Before moving to approve the three grants, Supervisor Mark Lovelace noted that the latter two projects had a lot in common, insofar as they could help owners of timber or agricultural land. “Again and again, we hear the alternative is subdivision or some other kind of development, which is not beneficial to the county’s goals, or to the goals of the landowners,” he said. “So in both of these cases, helping landowners find other ways to realize value off their land on an ongoing basis is a great thing.”

The Headwaters Fund board declined to fund three other proposals, but one of them caught the eye of Supervisor Jill Duffy and a few people in the audience.

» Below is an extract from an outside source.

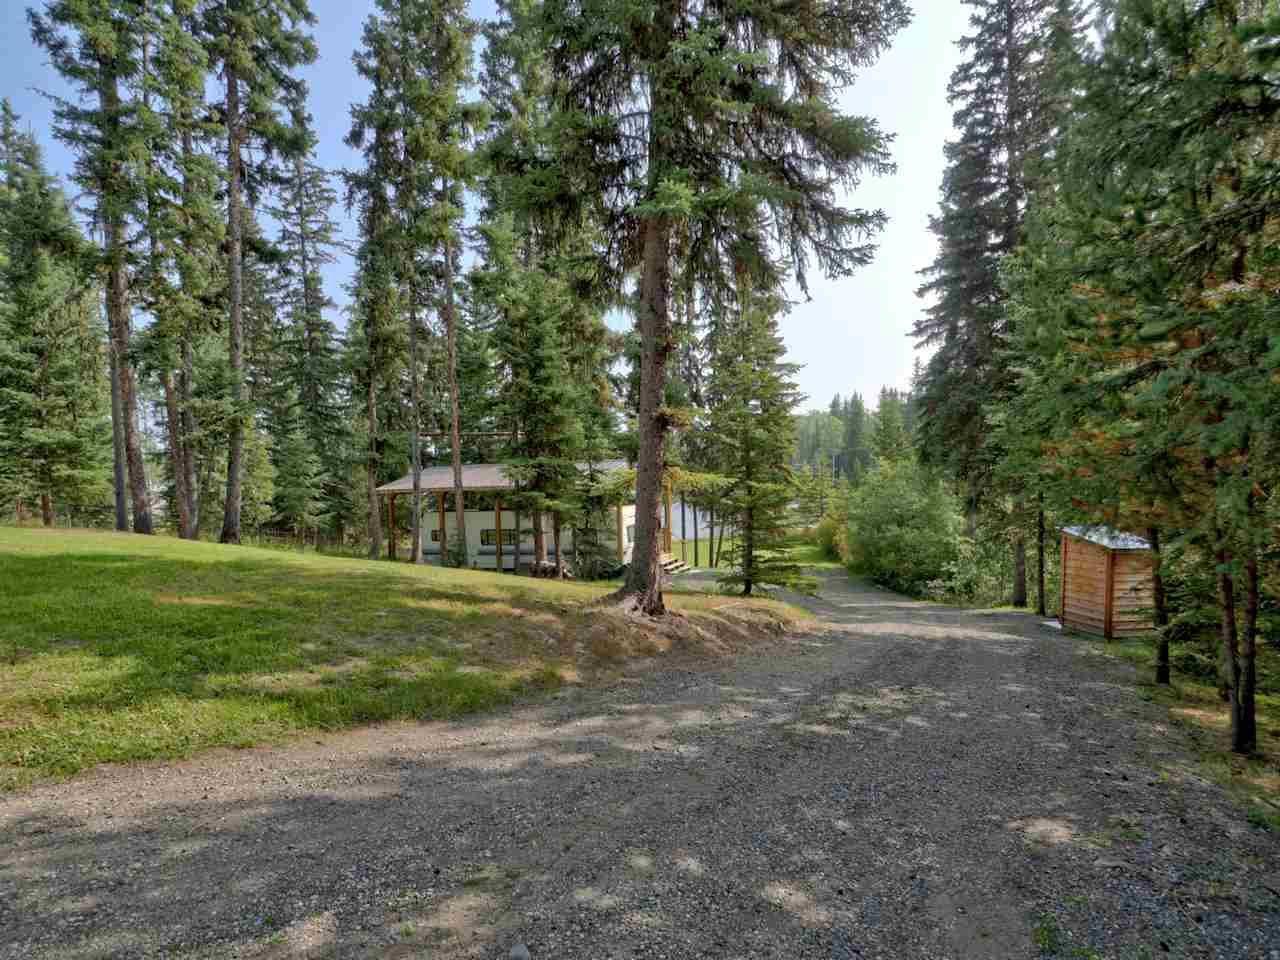 Photo 12: Photos: 7271 NATH Road in Bridge Lake: Bridge Lake/Sheridan Lake Land for sale (100 Mile House (Zone 10))  : MLS®# R2496086

That was a request for $24,870 from the Northcoast Regional Land Trust to initiate what it calls a “Voluntary Oak Woodlands Conservation Program.” According to the application, the program would be a first step to make the owners of Humboldt County’s estimated 340,000 acres of oak lands eligible for state conservation funding. Duffy questioned Headwaters Board staffer Dawn Elsbree about the Headwaters Fund Board’s rationale for excluding the oak project from its list of recommendations. Elsbree said only that members of the board did not rate the project as highly as the others, according to the decision matrix that Headwaters Fund employs. In addition, the board wanted to keep some of this year’s $150,000 available for the next two rounds of funding.

A compromise was struck in the end: The Board of Supervisors voted to send the Oak Conservation Program back to the Headwaters Fund Board with a request that they reexamine it in the next funding go-round.

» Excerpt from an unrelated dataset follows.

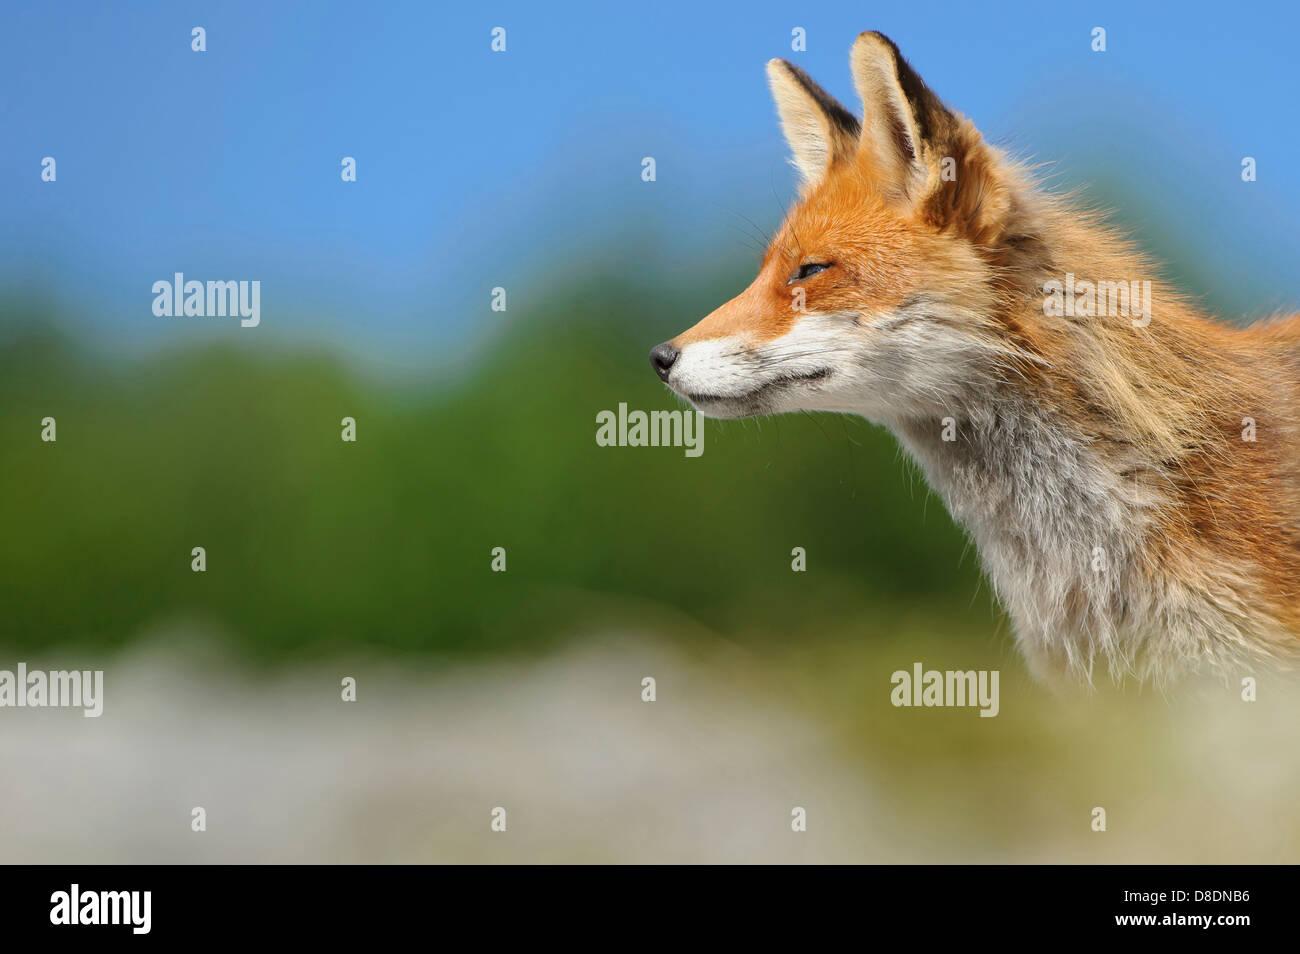 red fox, vulpes vulpes, lauvsnes, norway - Stock Image

After the vote, the Board of Supervisors entertained another request for Headwaters funding. The Humboldt Bay Harbor, Recreation and Conservation District had originally hoped to secure $200,000 from a different pocket of the Headwaters Fund — the Community Investment Fund, which is aimed at infrastructure projects — to finance a before-and-after study of the socioeconomic impacts of the Marine Life Protection Act, which will soon be implemented on the North Coast. (See related story elsewhere in this paper.)

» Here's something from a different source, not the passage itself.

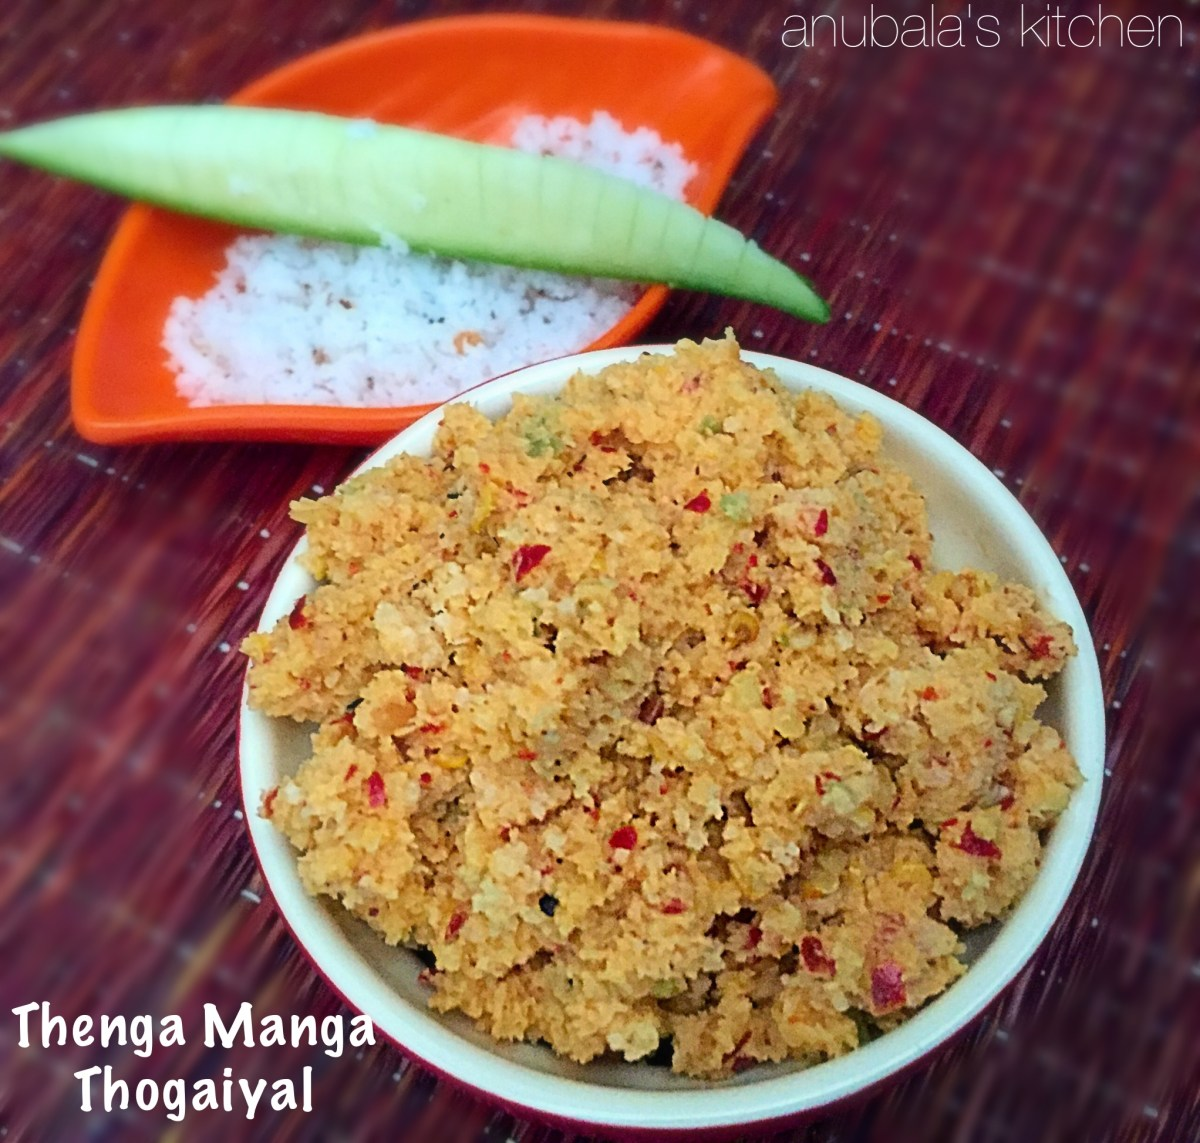 Thenga Manga Thogaiyal

The Headwaters Fund Board had cut the request down to $50,000, asking the district to demonstrate support for the project from other interested parties before releasing any more funds. Harbor District staff asked for the original amount — work, they said, needed to begin right away to meet upcoming deadlines — but the supervisors eventually voted 5-0 to approve the lower amount, with more to follow upon the district meeting the Fund’s guidelines.